The receipt of the said reply notice and the draft sale deed has not been disputed. In fact, the said notice was sent to the defendant's lawyer and a copy was also sent to the defendant directly. Both of them were received by the addressees as evidenced by the postal acknowledgment cards marked as Exs.P4 and P5. Though the defendant might have stated in his written statement that a rejoinder was sent to the reply notice dated 10.10.2006 and such rejoinder notice was issued on 19.10.2006, neither the copy of the rejoinder notice nor the postal acknowledgment card in proof of service of the same has been produced by the defendant. On the other hand, clear evidence has been adduced by the plaintiff to the effect that after the receipt of the reply notice dated 10.10.2006, no further notice in reply to the said reply notice dated 10.10.2006 was issued by the defendant. It is obvious from the evidence of PW1 and Exs.P6 and P7 that since there was no response from the defendant for the reply notice dated 10.10.2006, the plaintiff caused public notice in newspapers informing the public that any transaction with the defendant in respect of the suit property would be subject to the right of the plaintiff under the suit agreement and such publication was made in the Chennai edition of "Daily Thanthi" on 03.11.2006 and Chennai edition of "Malaimalar" on 03.11.2006, which have been marked as Exs.P6 and P7 respectively. 9. The plaintiff has come forward with a clear plea that the parties to the suit agreement agreed that the sale transaction would be completed within 6 months from the date of agreement and that he was ready and willing to make payment of the balance sale consideration and get the sale deed executed in his favour, whereas the defendant with ulterior motive chose to issue a notice within four months from the date of agreement stating that he was cancelling the sale agreement and that the same was suitably replied by the plaintiff under his reply notice, a copy of which has been marked as Ex.P3.

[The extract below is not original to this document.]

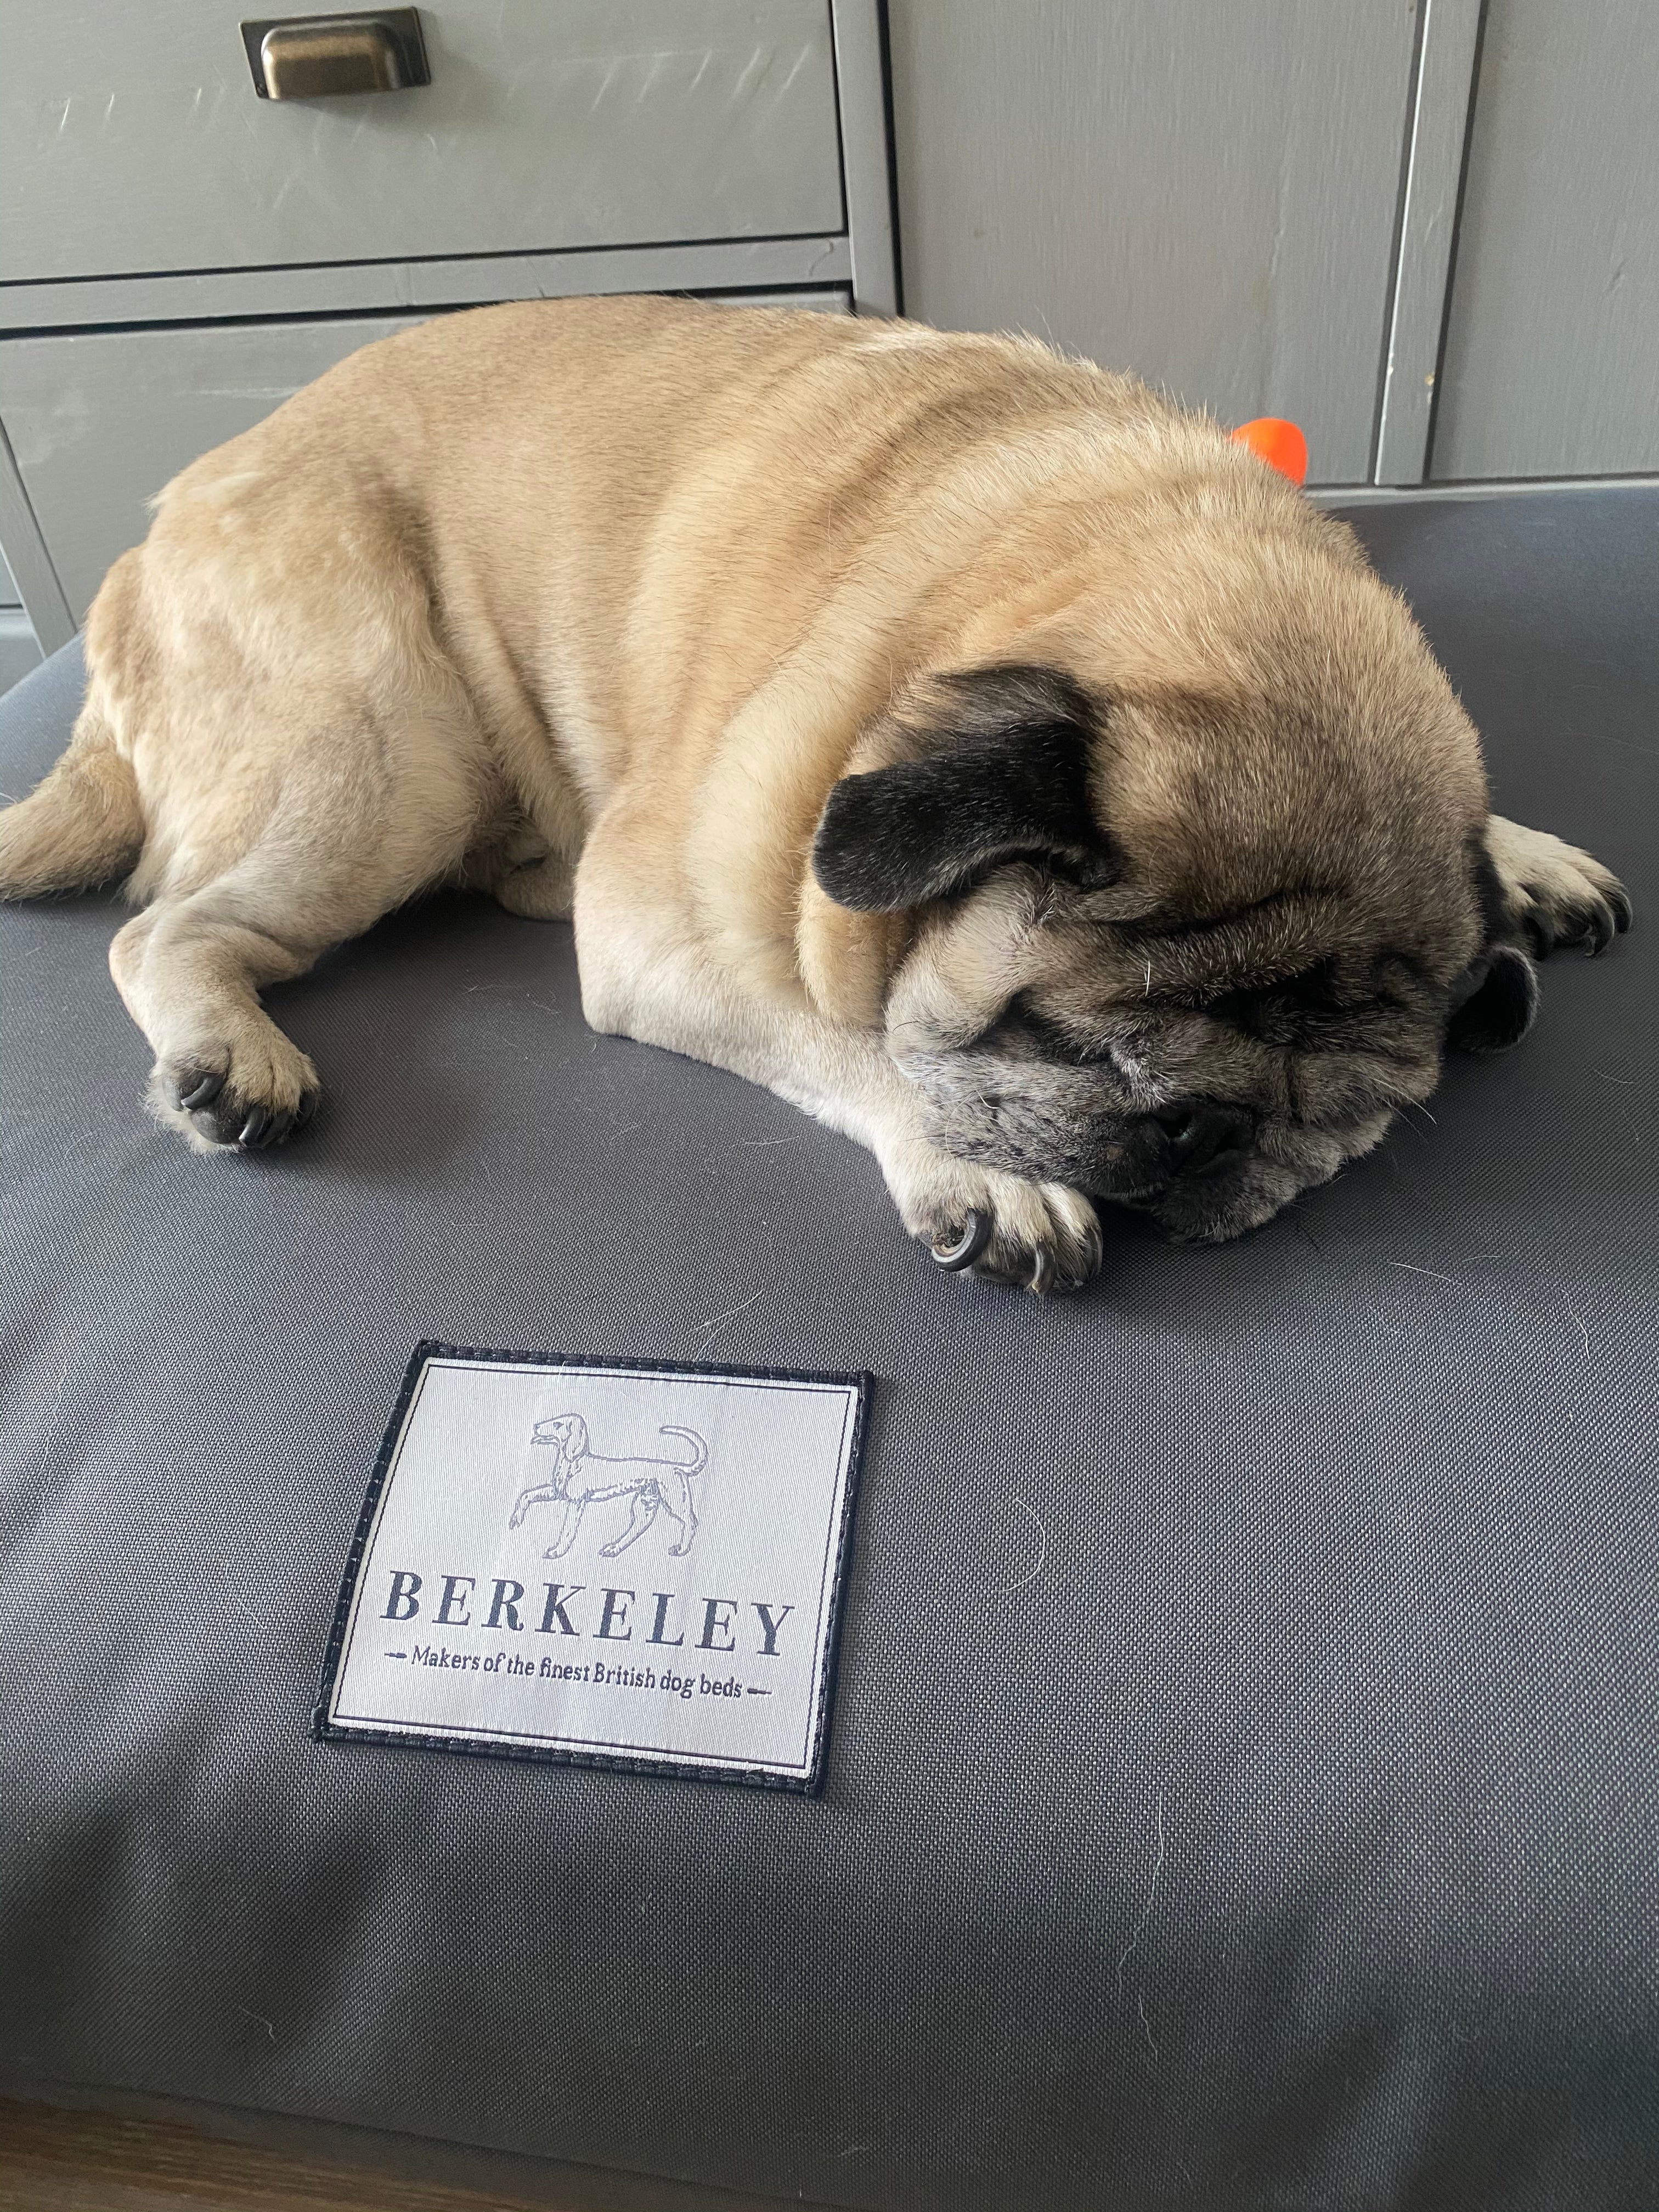 Orthopaedic Dog Bed Mattress by Berkeley

It has also been made clear by the plaintiff in the pleadings and also in his testimony that the plaintiff not only issued the reply notice disputing the propriety of the act on the part of the defendant purporting to revoke the sale agreement and expressing his readiness and willingness to make payment of the balance sale consideration and get the sale deed executed in his favour in terms of the condition stipulated in the suit agreement, but also chose to send a draft sale deed for the consideration and approval of the defendant. All these facts have been admitted by the defendant also. Even after the receipt of the said reply notice in which the plaintiff not only expressed his readiness and willingness to complete the transaction by making payment of the balance sale consideration but also sent a draft sale deed for consideration and approval of the defendant, the defendant did not chose to issue any reply either refuting the contention of the plaintiff made in his reply notice or expressing his readiness to execute the sale deed on receipt of the balance sale consideration. A perusal of Ex.P2 notice dated 25.09.2006, under which the suit sale agreement was sought to be revoked by the defendant, will show that the defendant invented a reason for going back from the commitment and revoke the agreement unilaterally. The reason thus invented by him is that he had learnt that the plaintiff was taking steps to enter into a sale agreement with another person for a higher price in respect of the suit property. In the said notice, in the paragraph assigned Serial No.3, the defendant has stated that the plaintiff violated Clause No.5 of the sale agreement by approaching a third party to whom the plaintiff promised to sell the suit property for a higher price. The said reason assigned by the defendant in the said notice as a ground for revoking the agreement has not been fully substantiated. 10.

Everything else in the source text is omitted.